Abstract: Global warming and climate change concerns have triggered global efforts to reduce the concentration of atmospheric carbon dioxide (CO2). Carbon dioxide capture and storage (CCS) is considered a crucial strategy for meeting CO2 emission reduction targets. In this paper, various aspects of CCS are reviewed and discussed including the state of the art technologies for CO2 capture, separation, transport, storage, leakage, monitoring, and life cycle analysis. The selection of specific CO2 capture technology heavily depends on the type of CO2 generating plant and fuel used. Among those CO2 separation processes, absorption is the most mature and commonly adopted due to its higher efficiency and lower cost. Pipeline is considered to be the most viable solution for large volume of CO2 transport. Among those geological formations for CO2 storage, enhanced oil recovery is mature and has been practiced for many years but its economical viability for anthropogenic sources needs to be demonstrated. There are growing interests in CO2 storage in saline aquifers due to their enormous potential storage capacity and several projects are in the pipeline for demonstration of its viability. There are multiple hurdles to CCS deployment including the absence of a clear business case for CCS investment and the absence of robust economic incentives to support the additional high capital and operating costs of the whole CCS process.

Carbon capture and storage (CCS): the way forward

Abstract: Carbon capture and storage (CCS) is broadly recognised as having the potential to play a key role in meeting climate change targets, delivering low carbon heat and power, decarbonising industry and, more recently, its ability to facilitate the net removal of CO2 from the atmosphere. However, despite this broad consensus and its technical maturity, CCS has not yet been deployed on a scale commensurate with the ambitions articulated a decade ago. Thus, in this paper we review the current state-of-the-art of CO2 capture, transport, utilisation and storage from a multi-scale perspective, moving from the global to molecular scales. In light of the COP21 commitments to limit warming to less than 2 °C, we extend the remit of this study to include the key negative emissions technologies (NETs) of bioenergy with CCS (BECCS), and direct air capture (DAC).
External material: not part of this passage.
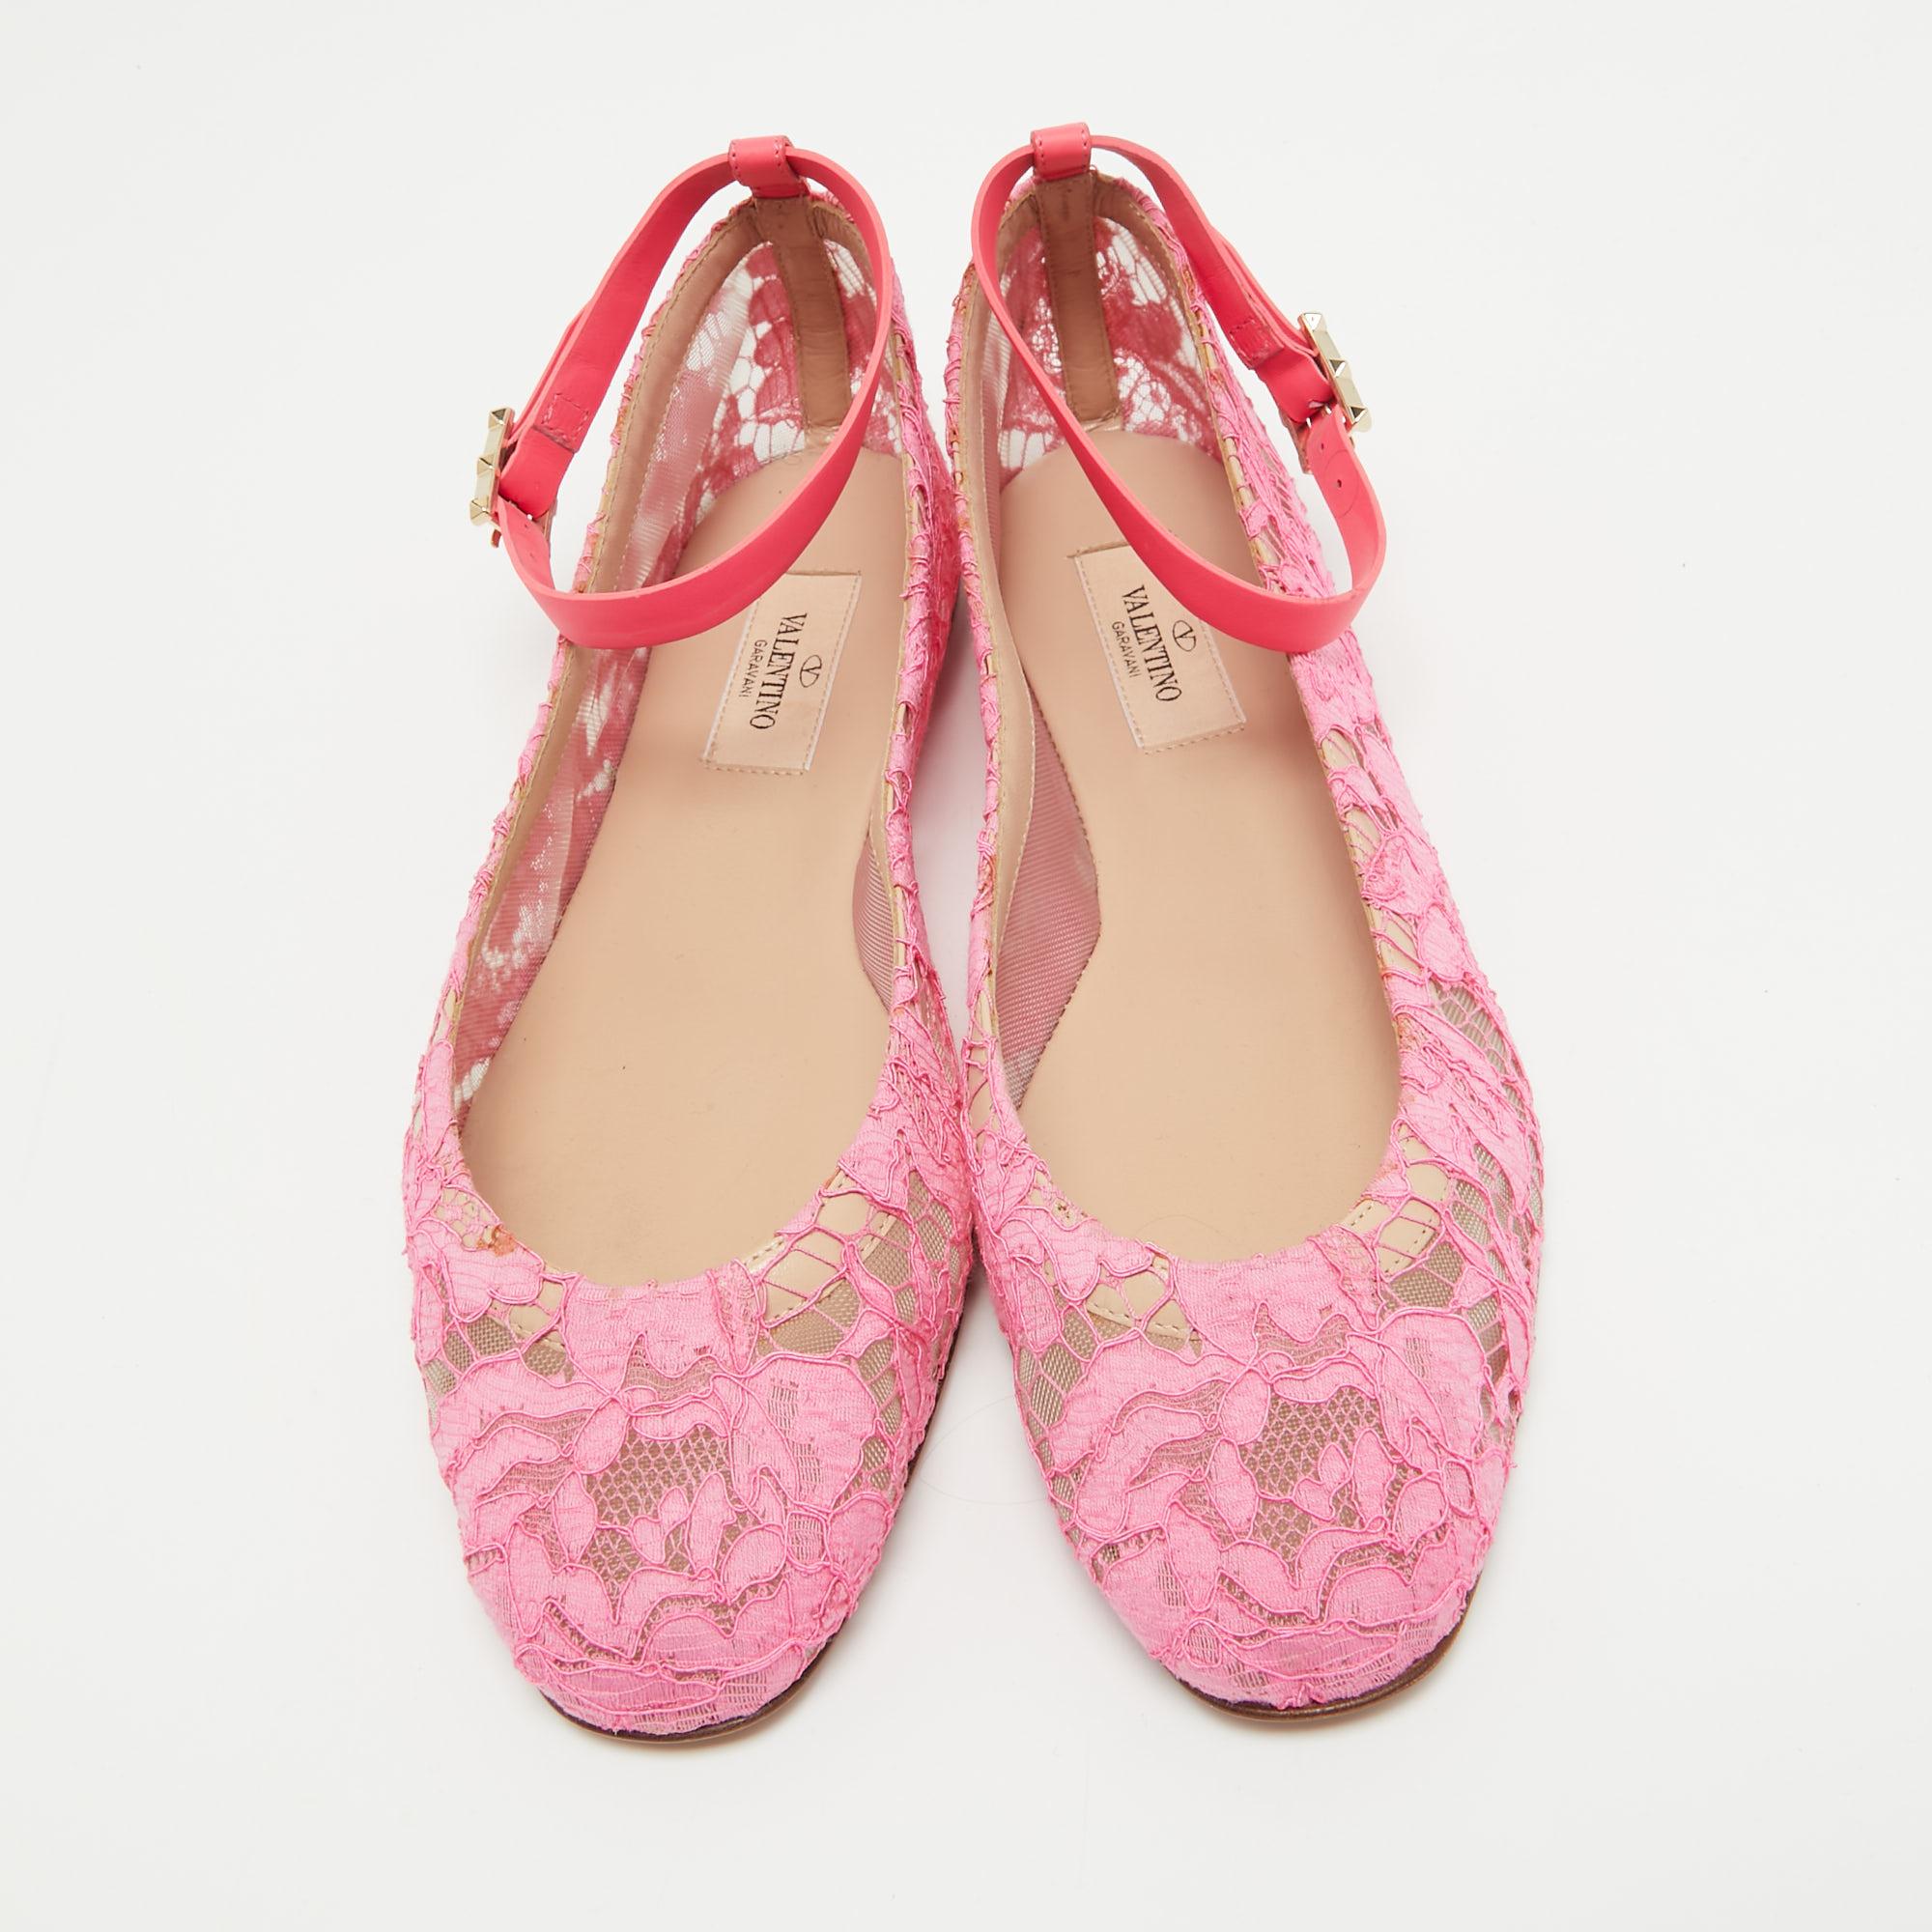 Valentino Pink Lace and Leather Ankle Wrap Ballet Flats Size 40 In Excellent Condition For Sale In Dubai, Al Qouz 2

Cognisant of the non-technical barriers to deploying CCS, we reflect on recent experience from the UK's CCS commercialisation programme and consider the commercial and political barriers to the large-scale deployment of CCS. In all areas, we focus on identifying and clearly articulating the key research challenges that could usefully be addressed in the coming decade.

Carbon capture, storage and utilisation technologies: A critical analysis and comparison of their life cycle environmental impacts

Abstract: This paper presents a first comprehensive comparison of environmental impacts of carbon capture and storage (CCS) and carbon capture and utilisation (CCU) technologies. Life cycle assessment studies found in the literature have been reviewed for these purposes. In total, 27 studies have been found of which 11 focus on CCS and 16 on CCU. The CCS studies suggest that the global warming potential (GWP) from power plants can be reduced by 63–82%, with the greatest reductions achieved by oxy-fuel combustion in pulverised coal and integrated gasification combined cycle (IGCC) plants and the lowest by post-combustion capture in combined cycle gas turbine (CCGT) plants. However, other environmental impacts such as acidification and human toxicity are higher with than without CCS. For CCU, the GWP varies widely depending on the utilisation option. Mineral carbonation can reduce the GWP by 4–48% compared to no CCU. Utilising CO2 for production of chemicals, specifically, dimethylcarbonate (DMC) reduces the GWP by 4.3 times and ozone layer depletion by 13 times compared to the conventional DMC process. Enhanced oil recovery has the GWP 2.3 times lower compared to discharging CO2 to the atmosphere but acidification is three times higher. Capturing CO2 by microalgae to produce biodiesel has 2.5 times higher GWP than fossil diesel with other environmental impacts also significantly higher. On average, the GWP of CCS is significantly lower than of the CCU options. However, its other environmental impacts are higher compared to CCU except for DMC production which is the worst CCU option overall.